Courtesy Reuters

A Regional Solution for Viet Nam

The theory of the falling dominoes in Southeast Asia has been the subject of heated debate. Yet few sensible observers would deny that a settlement in Viet Nam will have a significant impact on the overall course of political evolution in the area and, conversely, that changing political conditions in Southeast Asia will affect the outlook for a permanent settlement in Viet Nam. Even in the shorter perspective, the chances of finding a stable compromise solution acceptable to the fighting parties appear greater when seen in the broader framework than when we view the problem in its strictly Vietnamese dimensions. For in the narrow context of the two Viet Nams there seem to be no conceivable alternatives which do not imply a significant victory for one side and a defeat for the other.

Despite the diverse ethnic, cultural and economic patterns in the small independent countries of Southeast Asia, where more than 100 million people live, political conditions are strikingly similar: everywhere tensions prevail and the interests of world powers clash.[i] The Viet Nam conflict represents only the most acute manifestation of the turmoil.

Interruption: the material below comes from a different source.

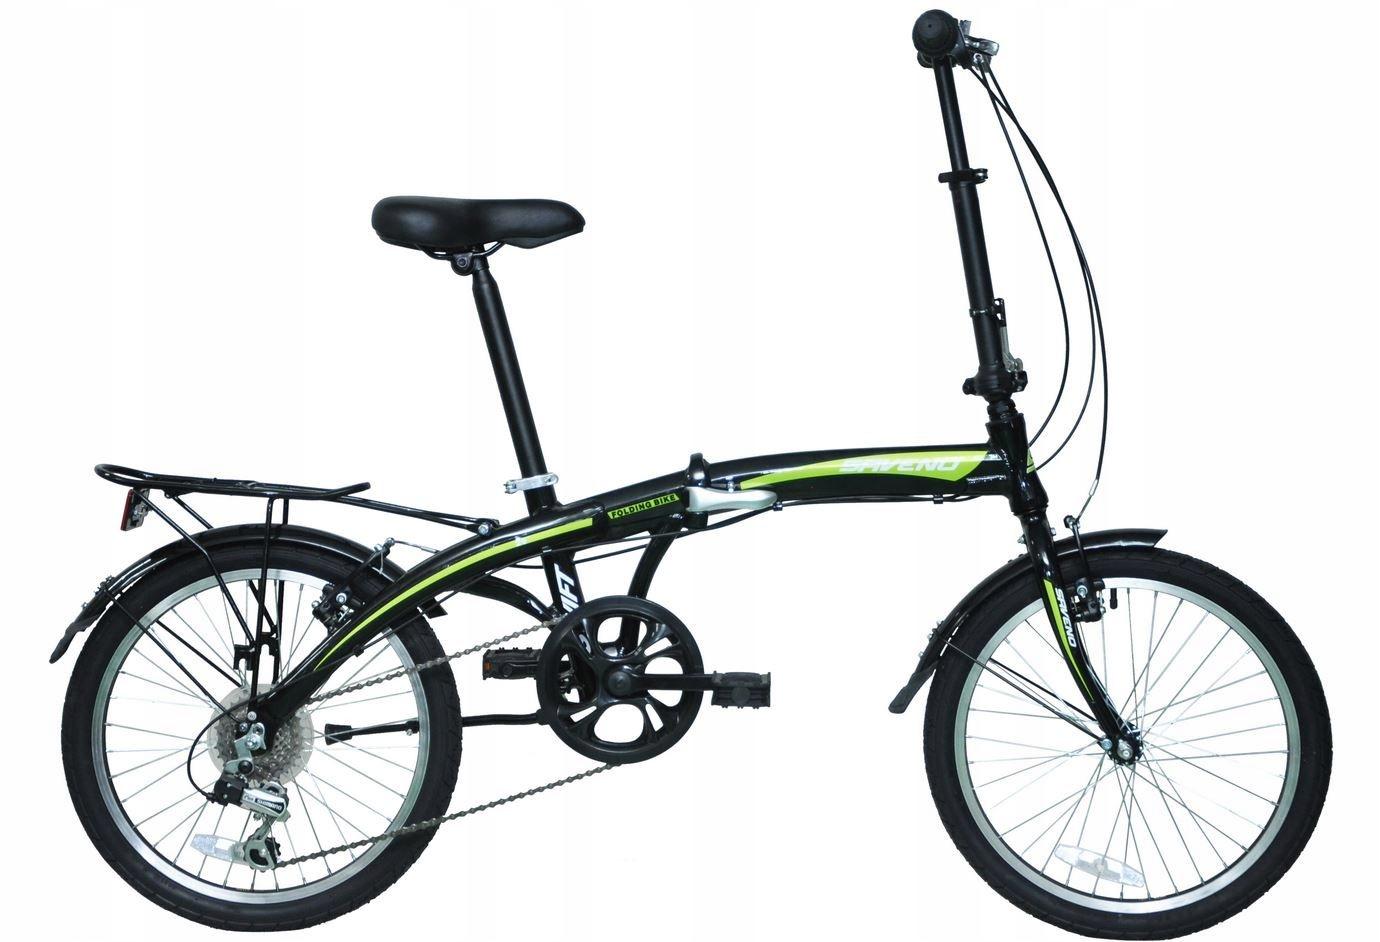 "Rower SAVENO Swift 20"" black/green składak 20"

The main factors at the root of the Viet Nam crisis and the conflicting outside interests which have raised it to its present intensity are not Vietnamese alone but are features of the whole region. Everywhere, internal instability creates latent or open conflicts which the competing interests of the major world powers could escalate into international crises of the Viet Nam type. In fact, all the manifestations of Southeast Asian unrest since World War II-the Huk revolt in the Philippines, the insurgency in Malaya, the endemic insecurity in Burma, the war in Laos, the pre- insurgency situation in northeast Thailand-all arise from the same tensions. Historical circumstances have simply made Viet Nam the most extreme instance.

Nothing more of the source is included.